▶ Goal of the exercise: Omit the pictures and return exactly the stretch of the material below from the line with "Video retrieval results" through the line with "A browser window".

▶ Records for this task:
----

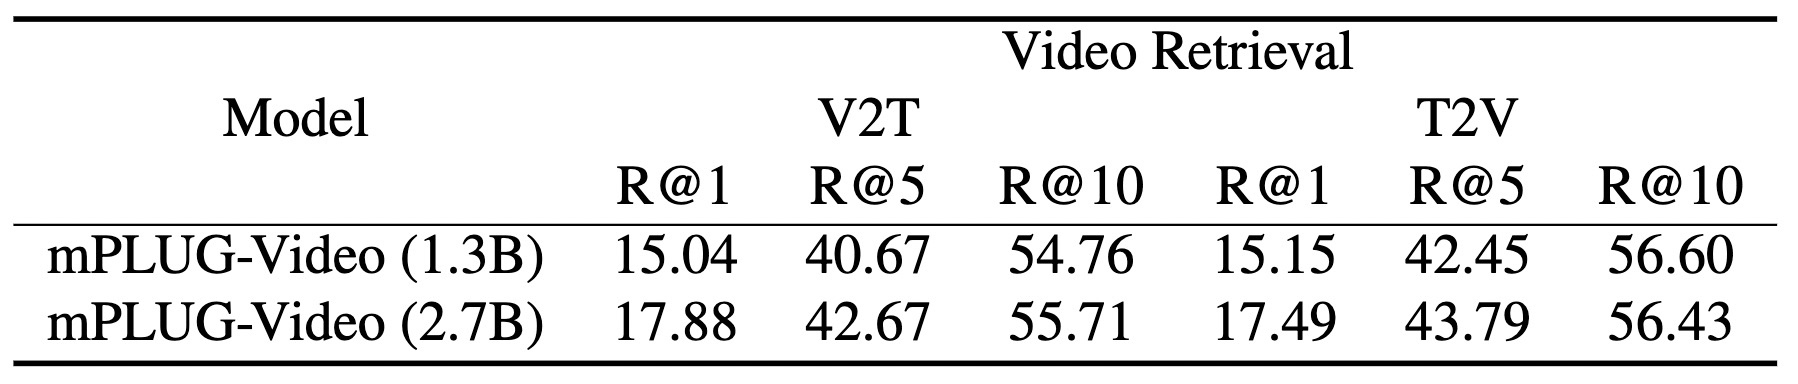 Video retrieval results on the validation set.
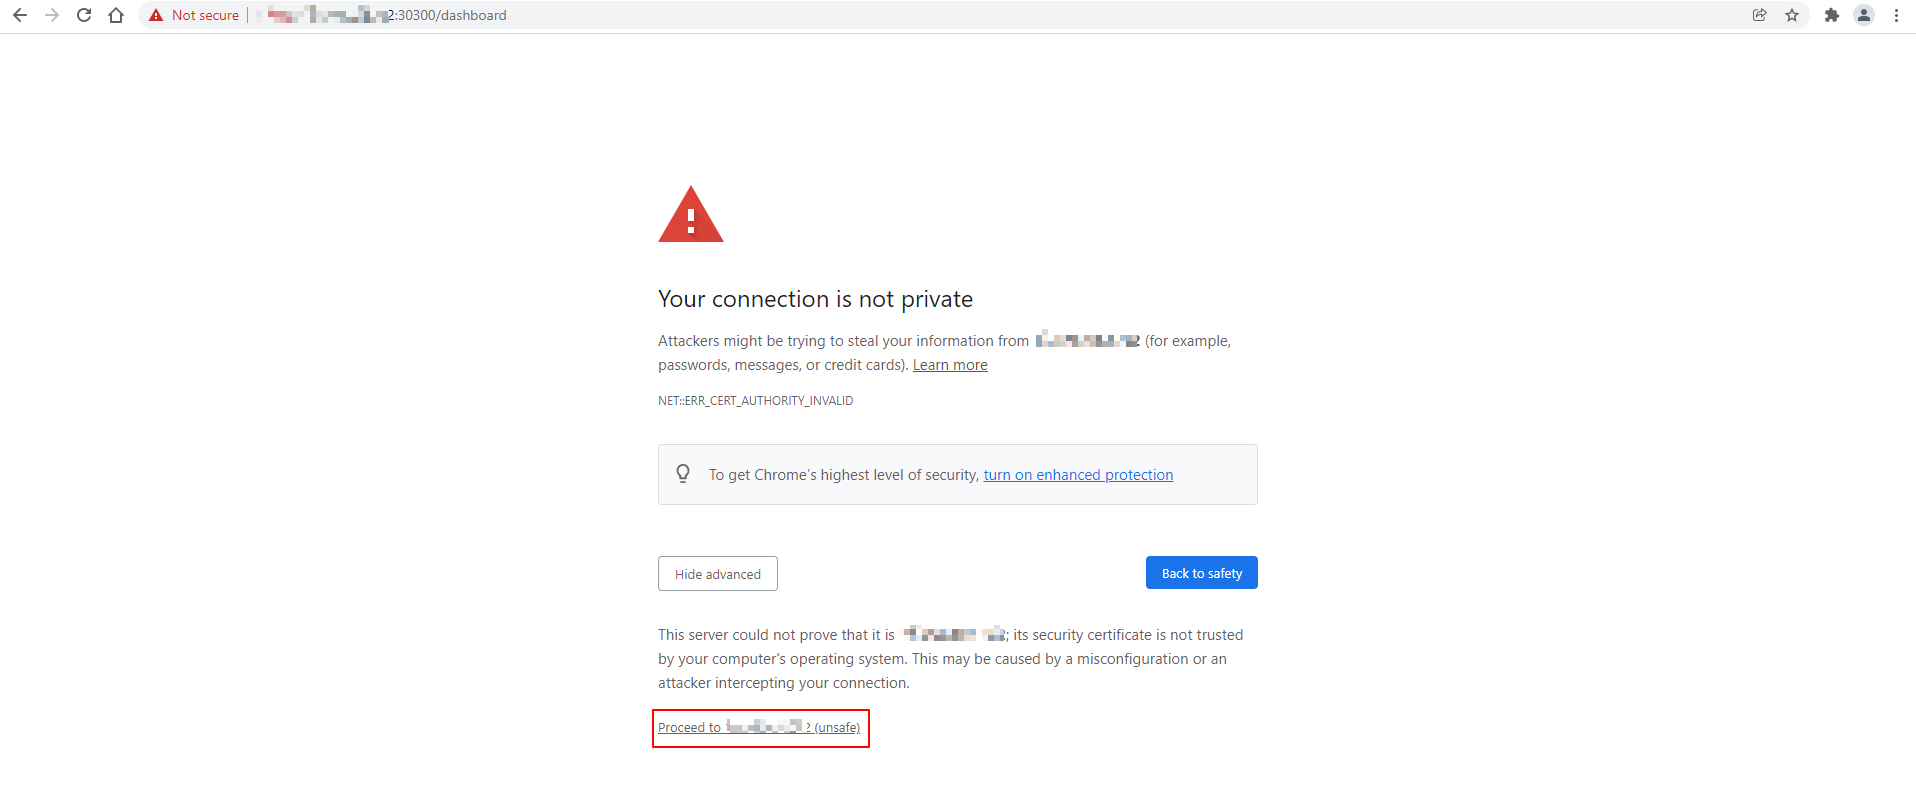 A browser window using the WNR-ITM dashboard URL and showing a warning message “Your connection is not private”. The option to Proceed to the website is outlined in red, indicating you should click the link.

----

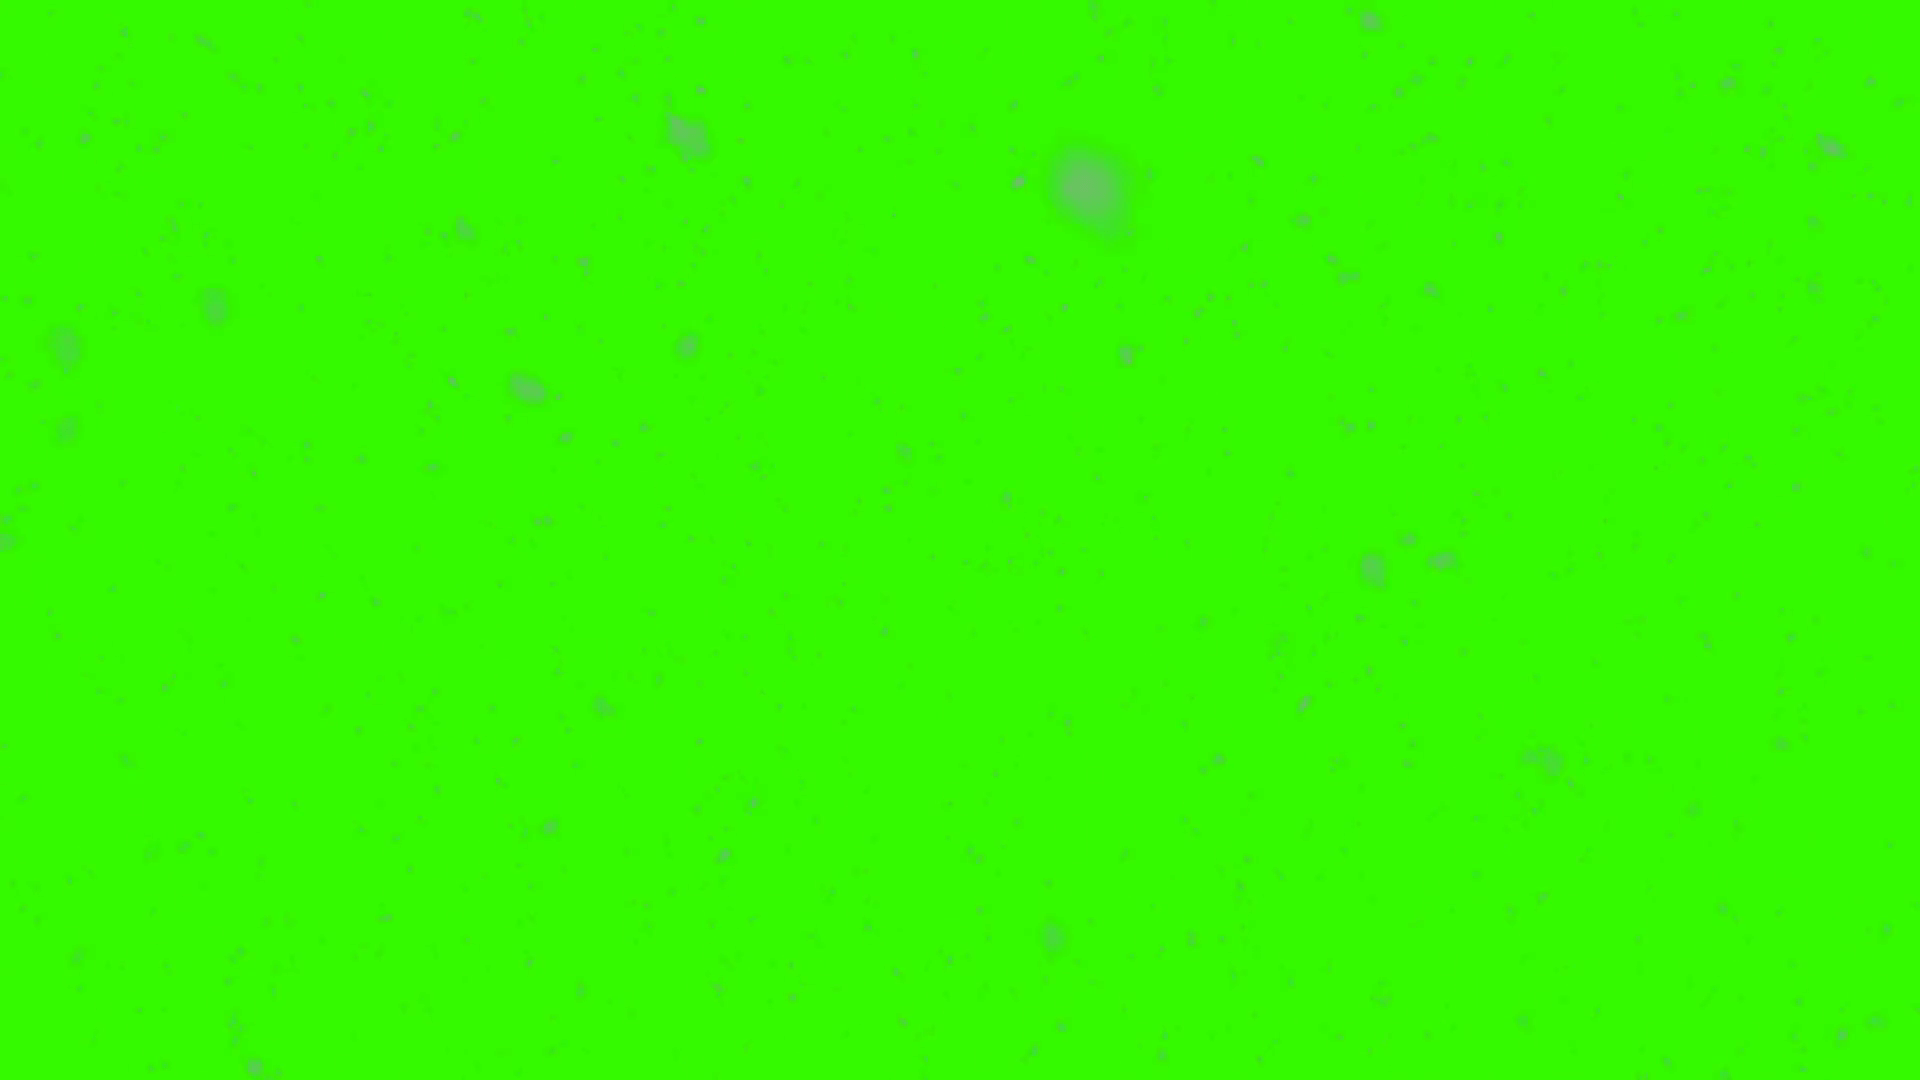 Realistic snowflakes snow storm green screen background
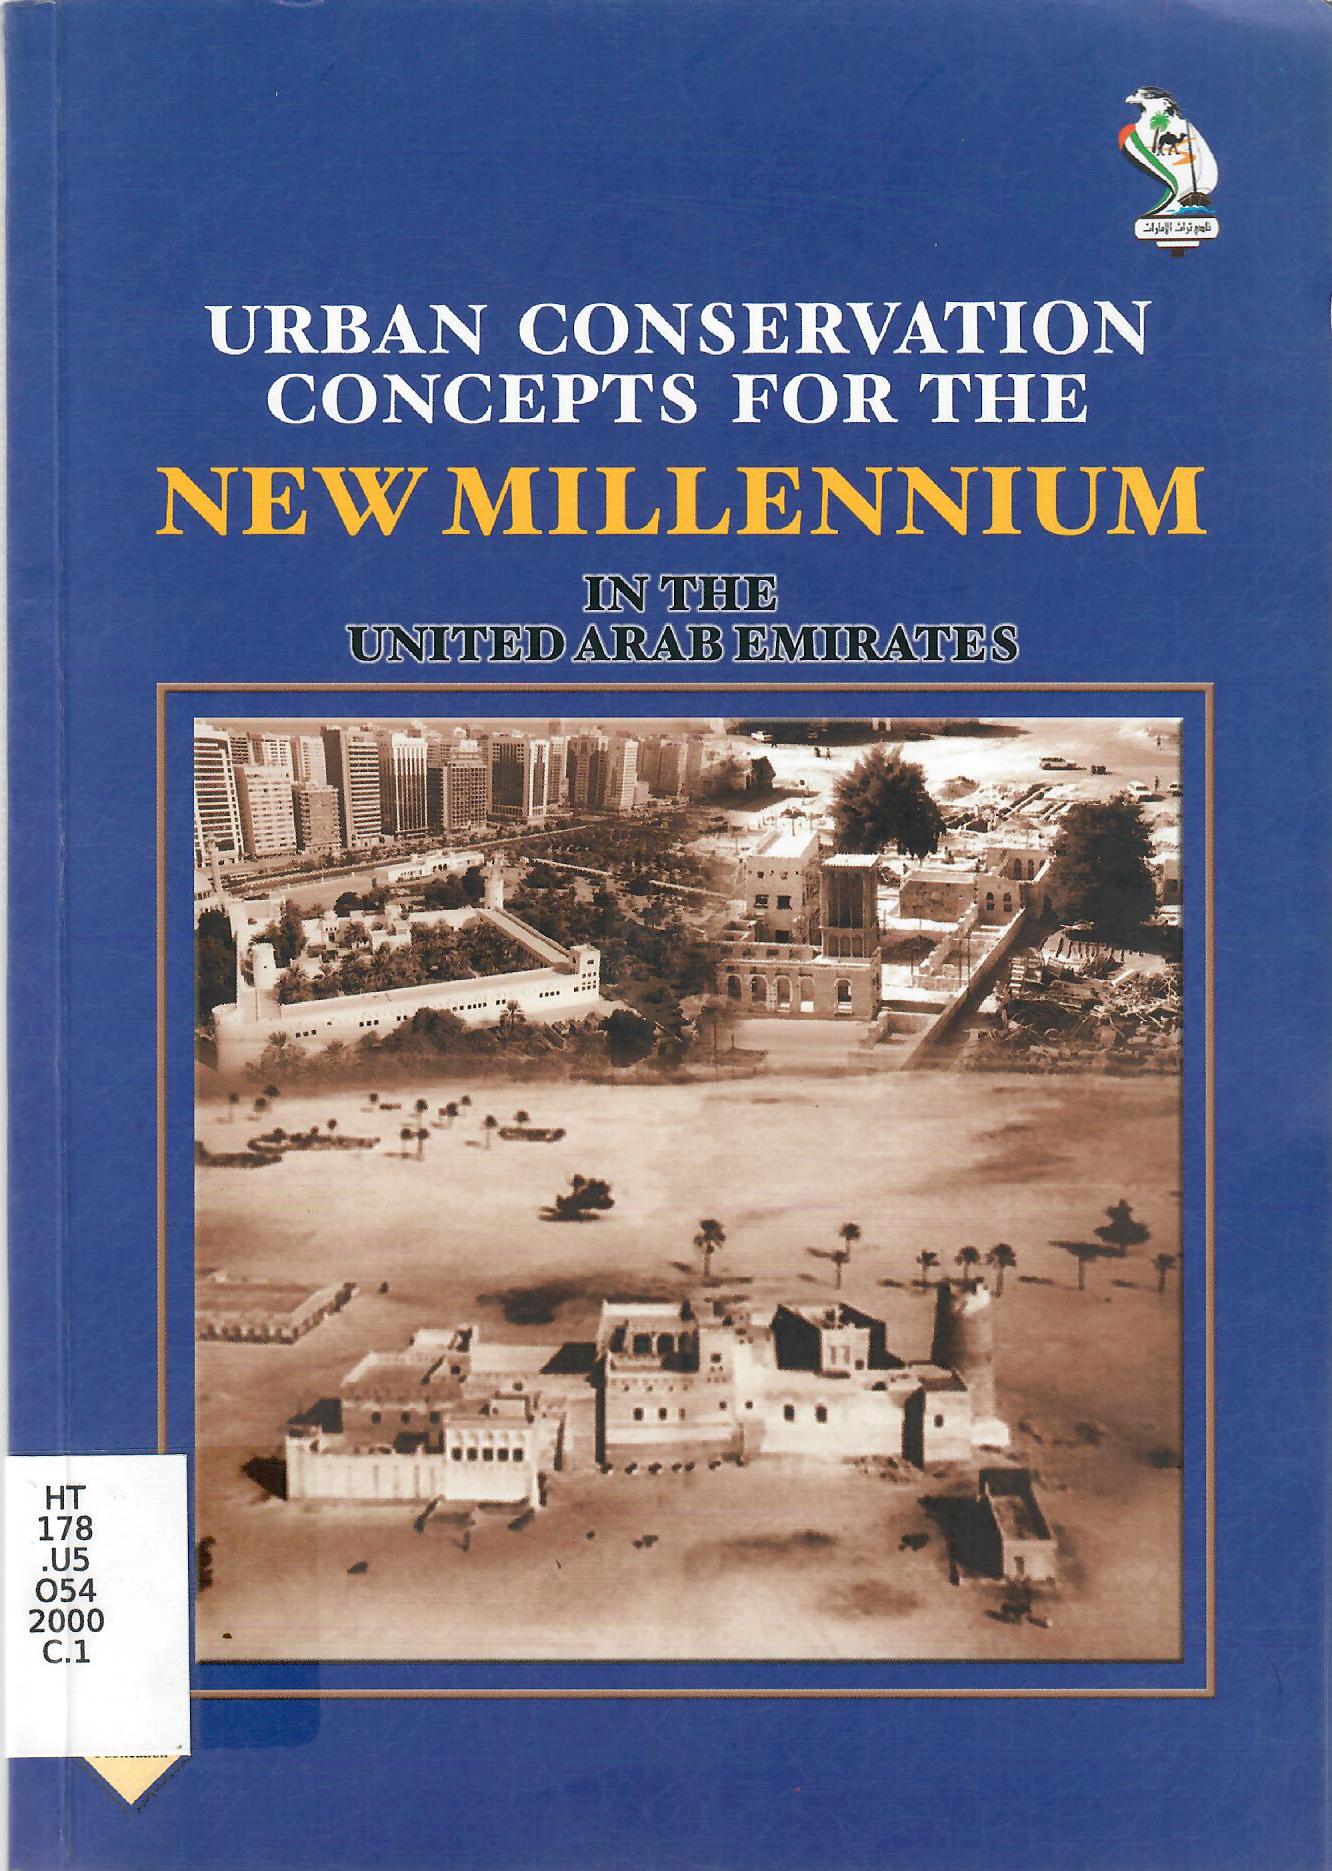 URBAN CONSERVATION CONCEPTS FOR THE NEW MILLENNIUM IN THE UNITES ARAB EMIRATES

----

▶ Answer to this task:
 Video retrieval results on the validation set.
 A browser window using the WNR-ITM dashboard URL and showing a warning message “Your connection is not private”. The option to Proceed to the website is outlined in red, indicating you should click the link.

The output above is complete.